Does anyone have any idea how I can get this feature back?

Thanks!


----------



## Corday (Mar 3, 2010)

*Re: Snap to other objects while cropping in Powerpoint*

Go here: Snap charts, pictures, and objects to a grid to align or format them - PowerPoint - Office.com
Now scroll down to PowerPoint
Turn on the snap-to options


----------



## andremount (Sep 10, 2009)

*Re: Snap to other objects while cropping in Powerpoint*

Thanks for the response, Corday. Unfortunately, that doesn't do what I need. The only option there is "Snap objects to grid." I need to snap to other objects. Any other ideas?


----------



## andremount (Sep 10, 2009)

*Re: Snap to other objects while cropping in Powerpoint*

OK. I figured it out. On the page that Corday linked to, under notes, it says "To temporarily override the snap-to options, hold down ALT while you drag the shape or object." I don't want to disable snap-to, but I tried it anyway. As it turns out, holding ALT while dragging the black and handle gives me the snap I'm looking for.

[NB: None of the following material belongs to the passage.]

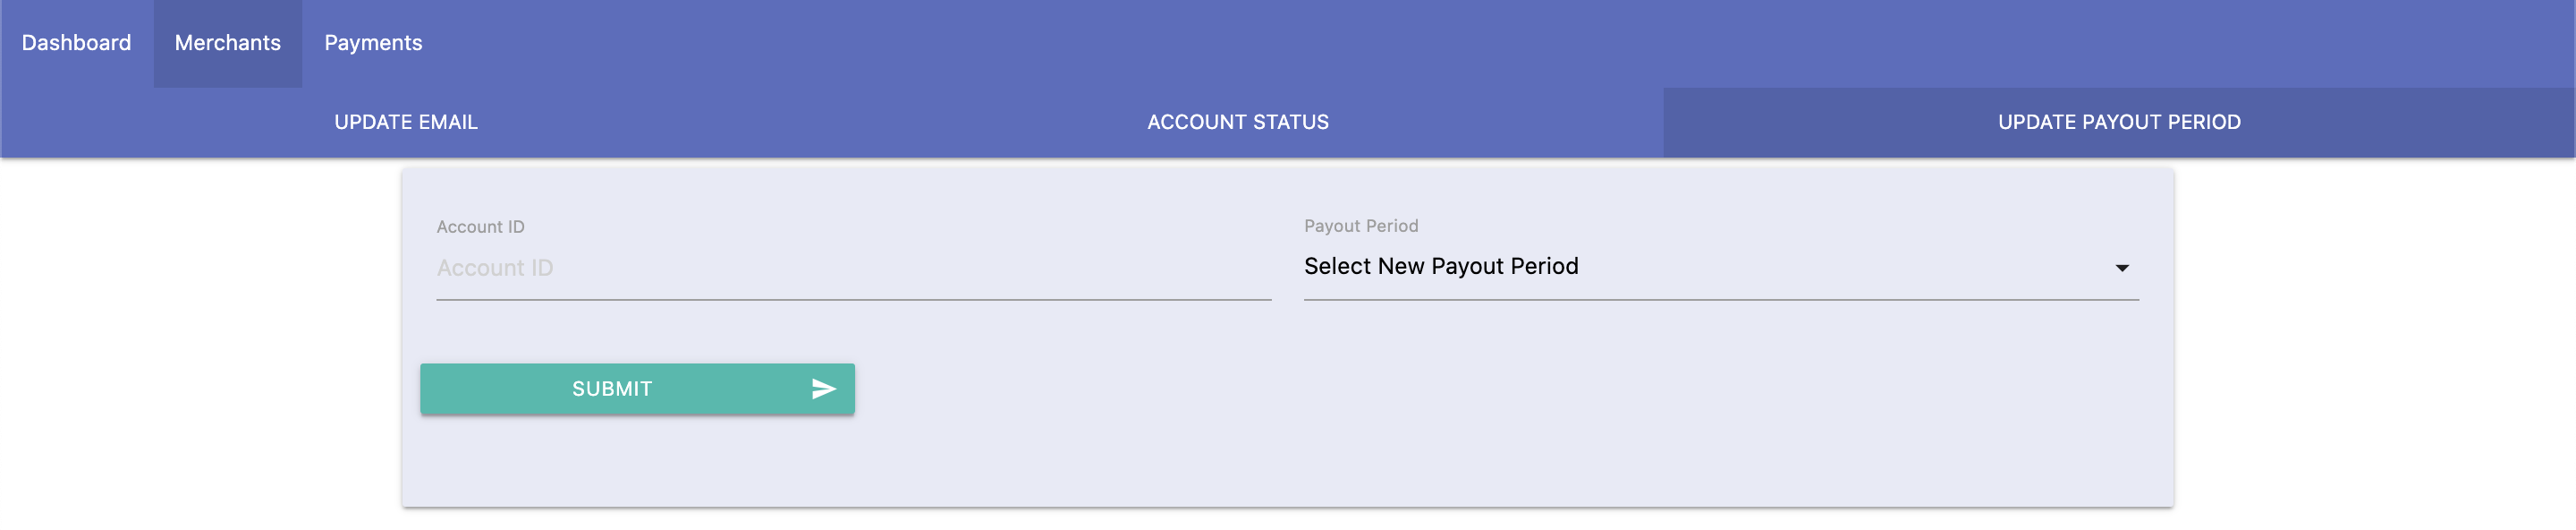 How to update a merchant's payout period from WePay's Partner Center.

Counter-intuitively, it doesn't matter if "Snap objects to grid" is turned on or off. Holding ALT appears to be the only way to get the cropping to snap to an object.

Problem solved!


----------



## Corday (Mar 3, 2010)

*Re: Snap to other objects while cropping in Powerpoint*

Actually the advice was what they meant. In other words, by getting rid of the selected options temporarily you weren't "restricted". Anyway ,"SOLVED".


----------